Roubini reckons that second-quarter growth will also be less than 1%, for

instance, and says that the consumer growth propping up the Q1 figure is going

to fall substantially in Q2:

In Q1 private consumption grew at a whopping annual rate of 4.4%. In spite

of that – given the weakness of housing, net exports and inventories – GDP

growth was only 0.6%. Now move forward to Q2: we know that Q2 started on a

weak note for private consumption as April retail sales actually fell. Most

analysts are now expecting that consumption may grow in Q2 at an annual rate

of about 2% (down from the 4.4% in Q1). So, unless there is a massive recovery

of net exports, capital spending by the corporate sector, inventory rebuilding,

Q2 growth will remain in the growth recession range.

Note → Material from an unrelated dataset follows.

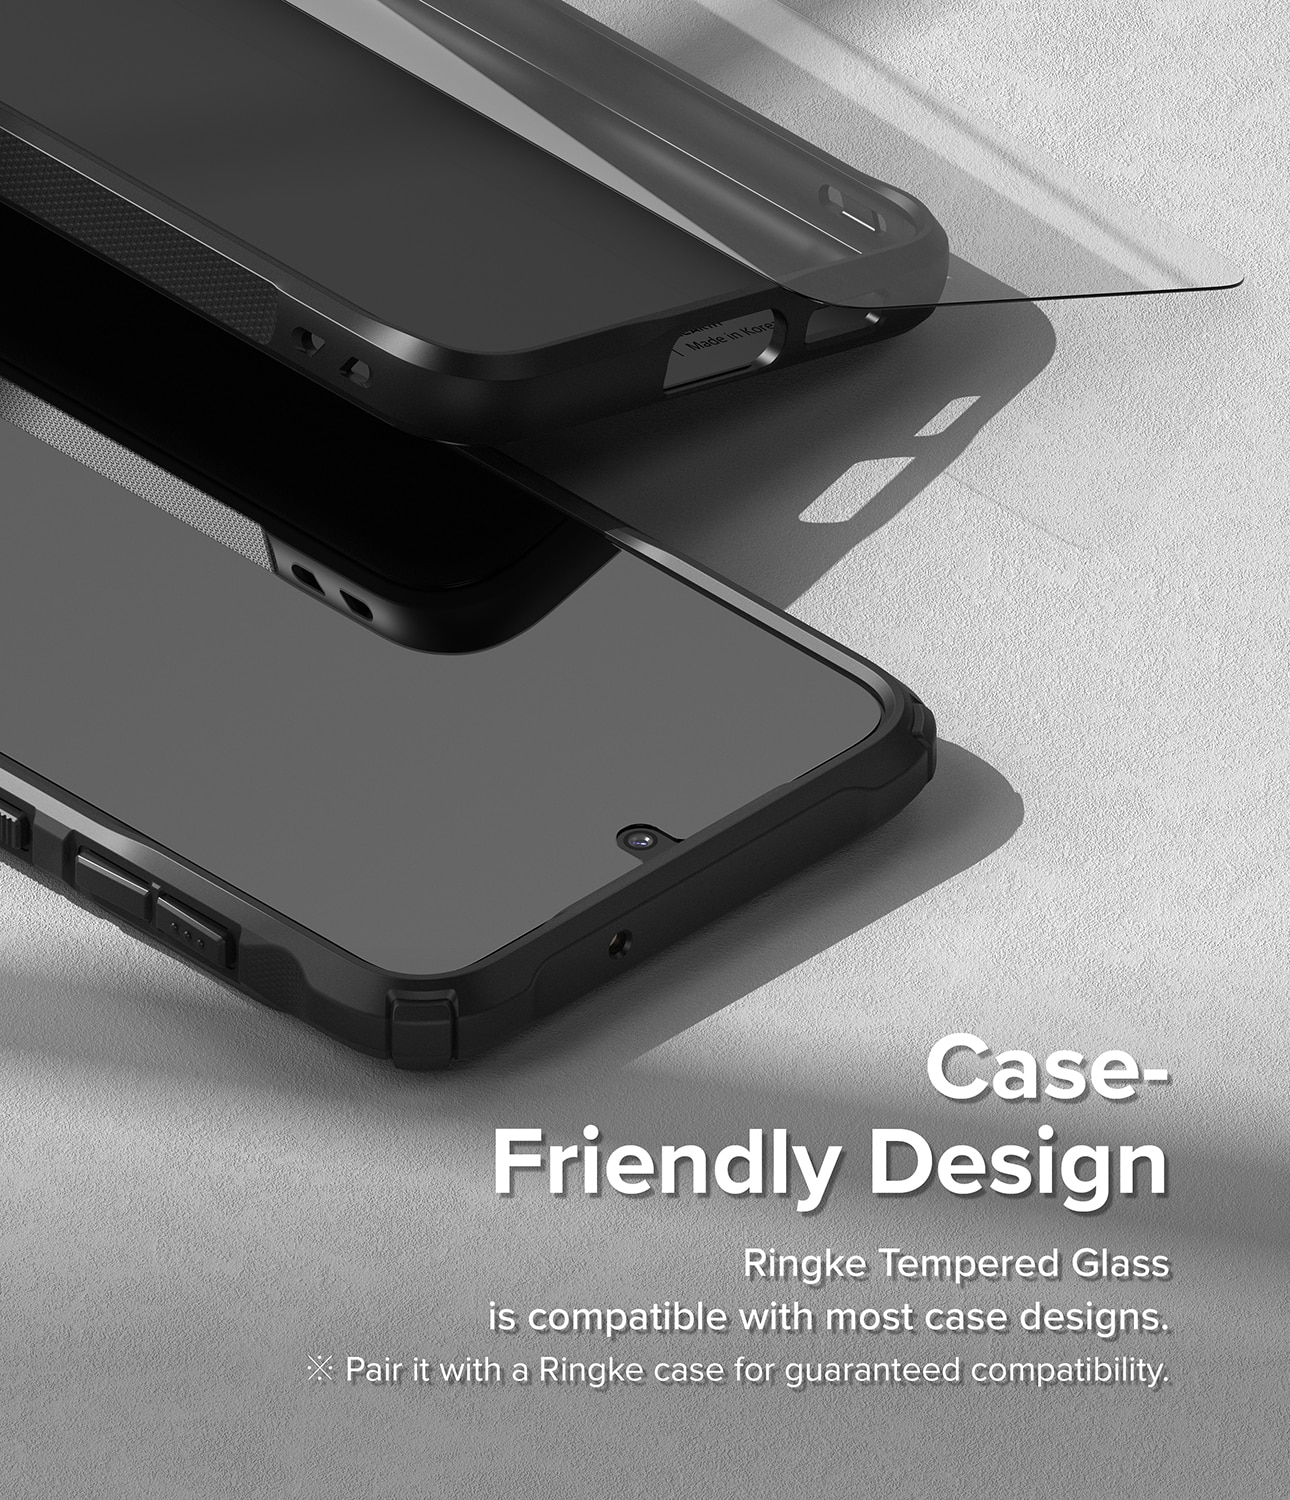 Samsung Galaxy S23 Skärmskydd i glas med monteringsverktyg (2-pack)

I guess the key question, as ever, is whether and how the US consumer is going

to be able to keep on spending. During the tech boom, we spent our paper profits

from the stock market. During the housing boom, we withdrew equity from our

properties. Where’s the money going to come from now? Credit cards? That stock-market

wealth effect (again)? Certainly it’s not going to come from savings.

I’m no economic forecaster, and if I was an economic forecaster I would –

like most economic forecasters – be more wrong than right. My rule of

thumb is simply to trust the market on such things, because the market is generally

more right than wrong. With the S&P 500 hitting all-time highs, I’m sanguine.